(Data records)
--- START ---
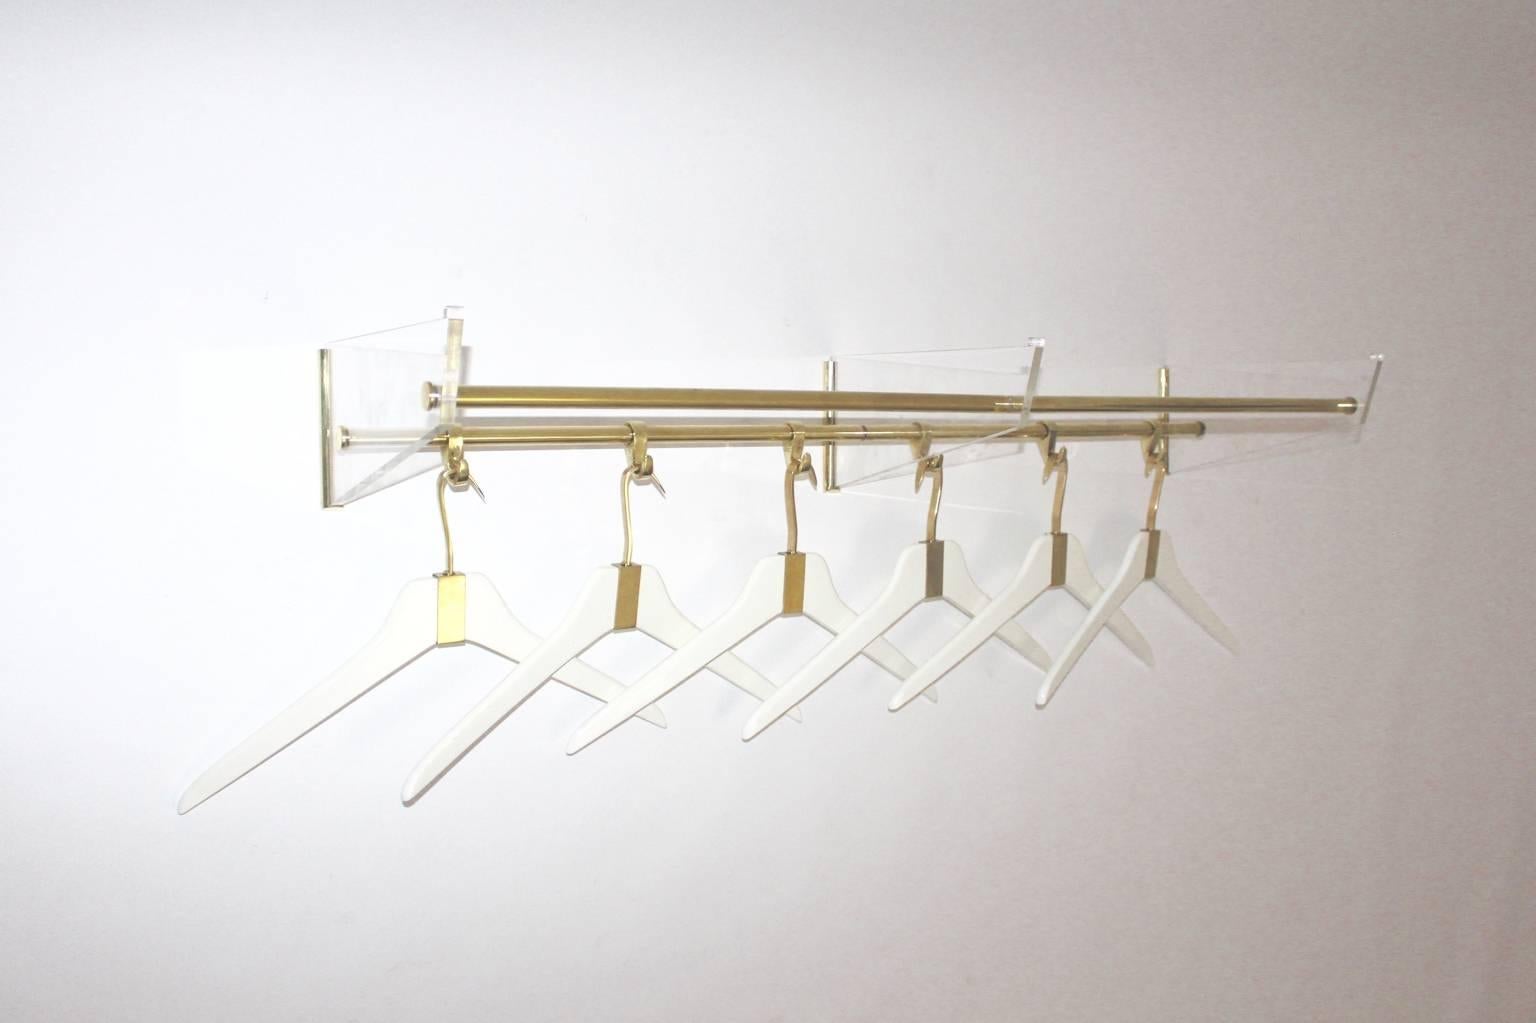 A Mid Century Modern vintage lucite brass coat rack with 6 cloth hangers, which was designed and manufactured Italy 1950s.
Six cloth hangers were made of brass and white lacquered beechwood. 

The brass hardware was carefully cleaned and
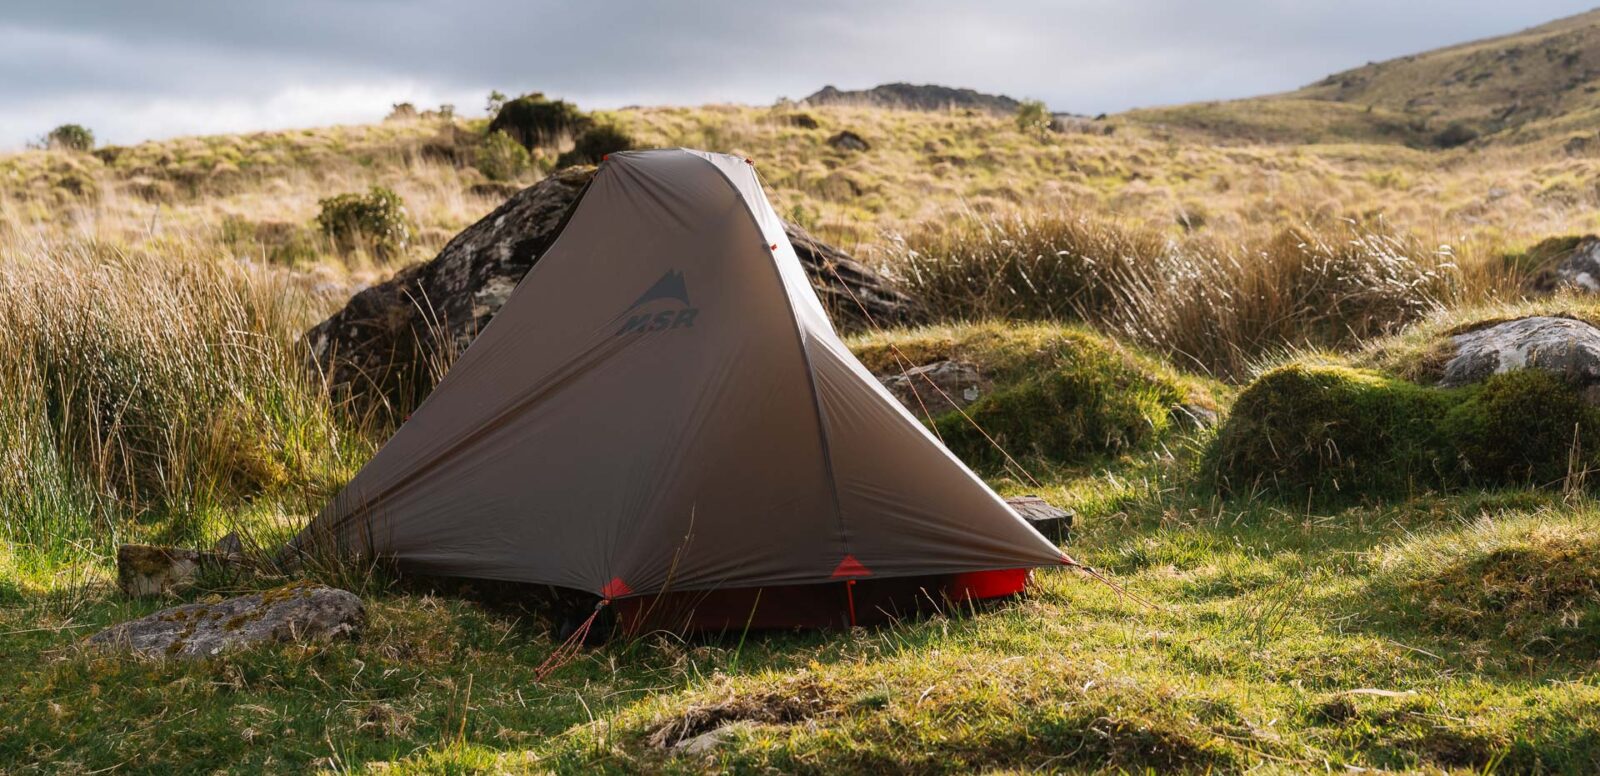 camping tent on grassy surface
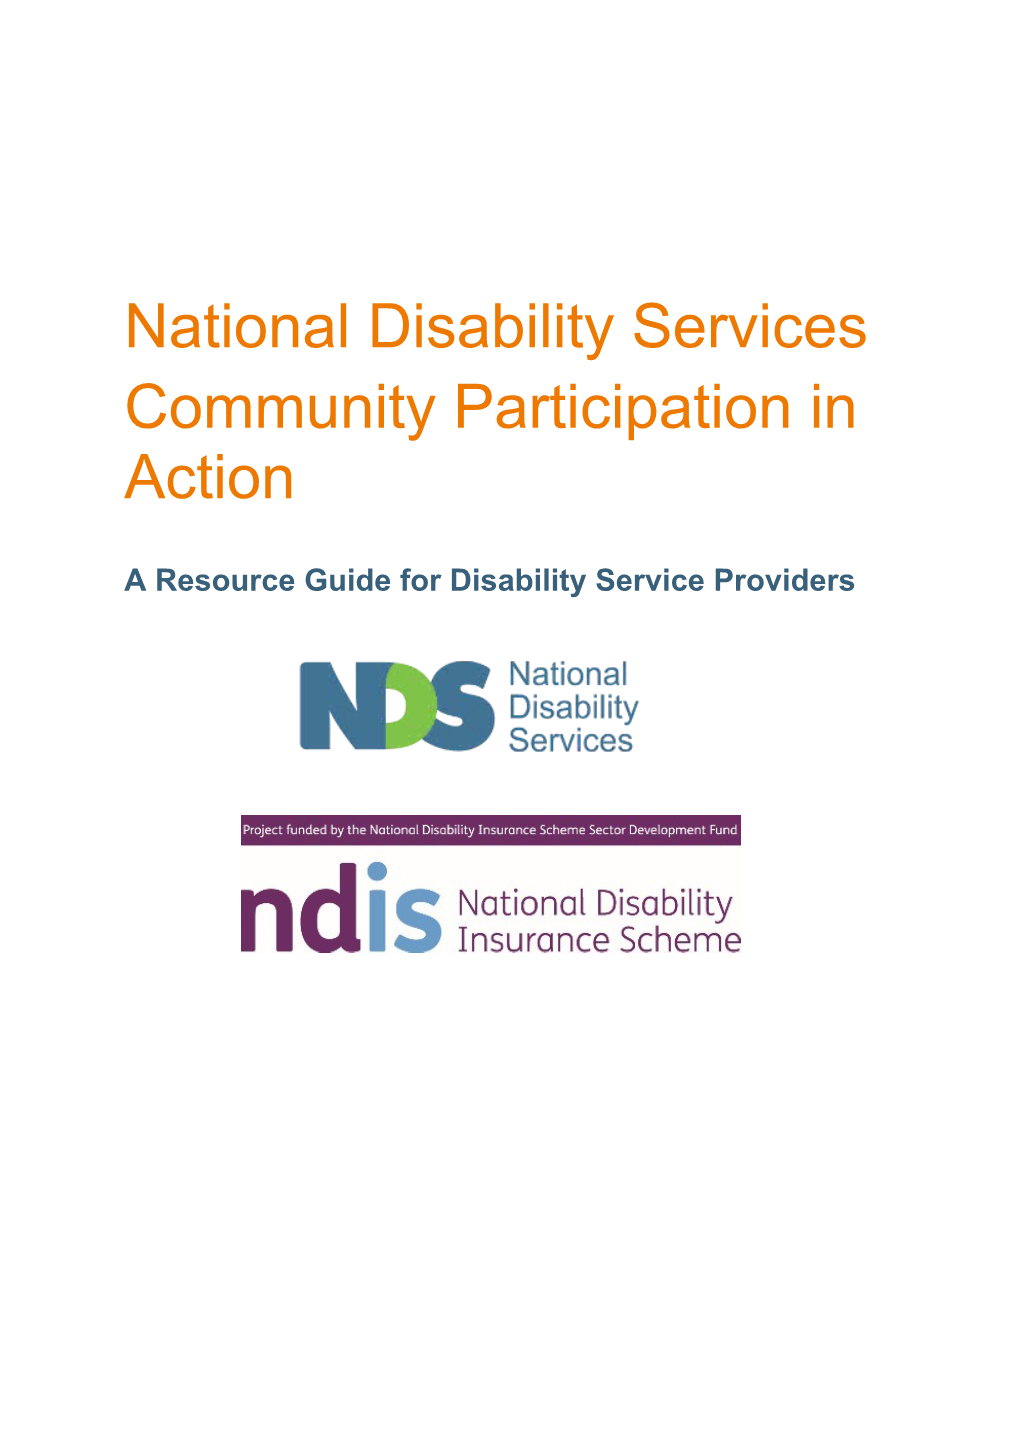 A Resource Guide for Disability Service Providers
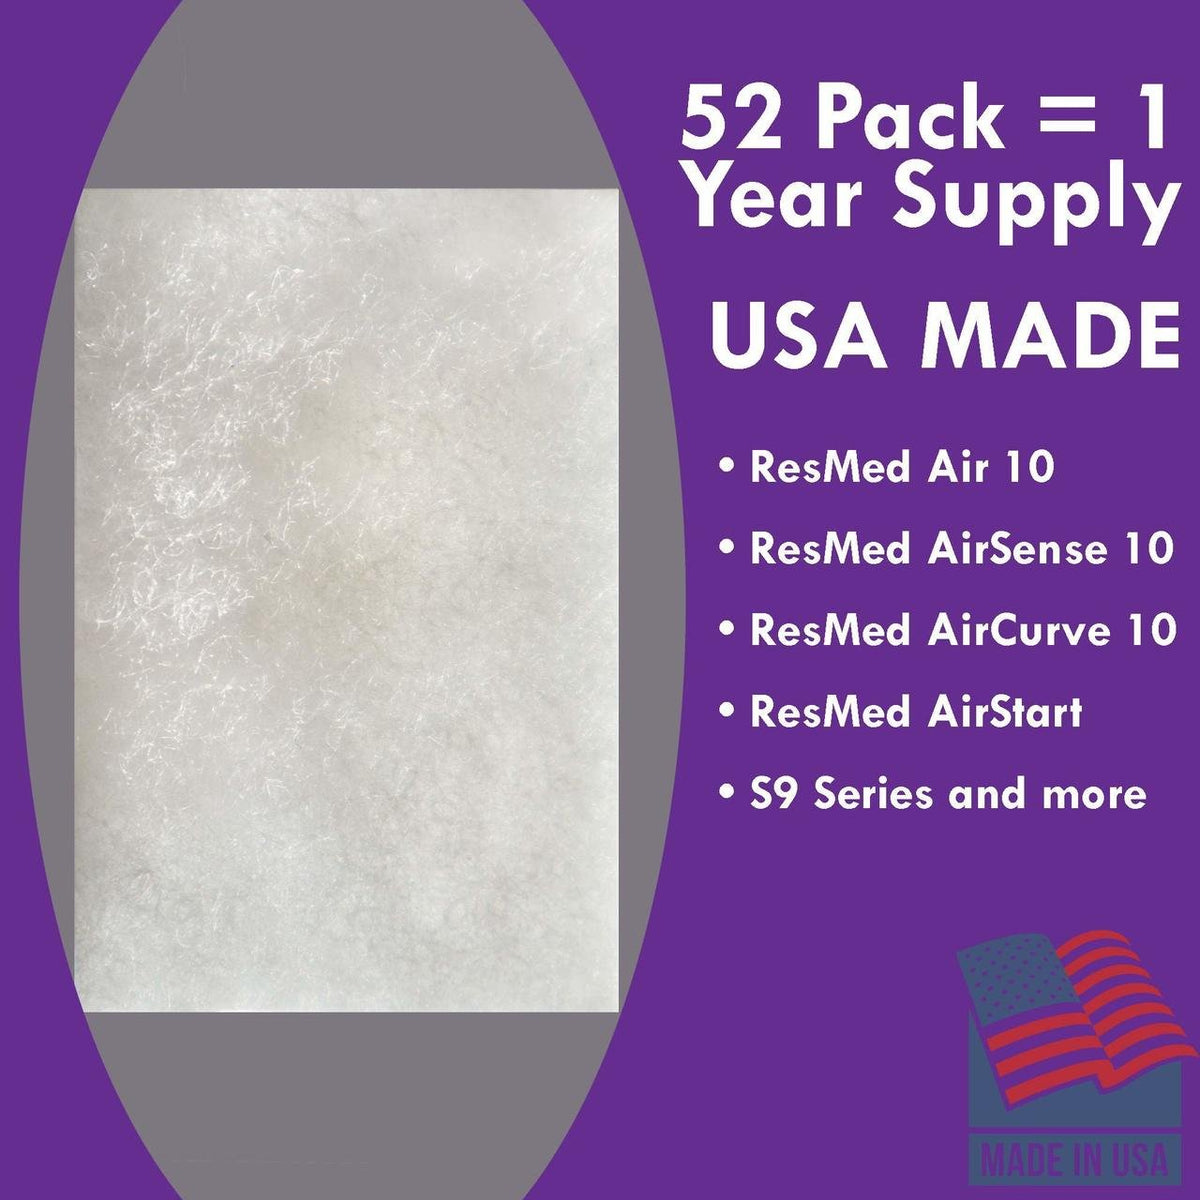 CPAP Filters Disposable Felt Pollen air Filter - 52 Pack 1 Year Supply - Made in The USA Standard Universal CPAP Filter Supplies - ResMed Airsense 10, Aircurve 10, S9 Series Machines by Mars Wellness - Mars Med Supply
--- END ---
The problem :: Each entry above must be repeated word for word, minus its images.

Reply ::
 A Mid Century Modern vintage lucite brass coat rack with 6 cloth hangers, which was designed and manufactured Italy 1950s.
Six cloth hangers were made of brass and white lacquered beechwood. 

The brass hardware was carefully cleaned and
 camping tent on grassy surface
 A Resource Guide for Disability Service Providers
 CPAP Filters Disposable Felt Pollen air Filter - 52 Pack 1 Year Supply - Made in The USA Standard Universal CPAP Filter Supplies - ResMed Airsense 10, Aircurve 10, S9 Series Machines by Mars Wellness - Mars Med Supply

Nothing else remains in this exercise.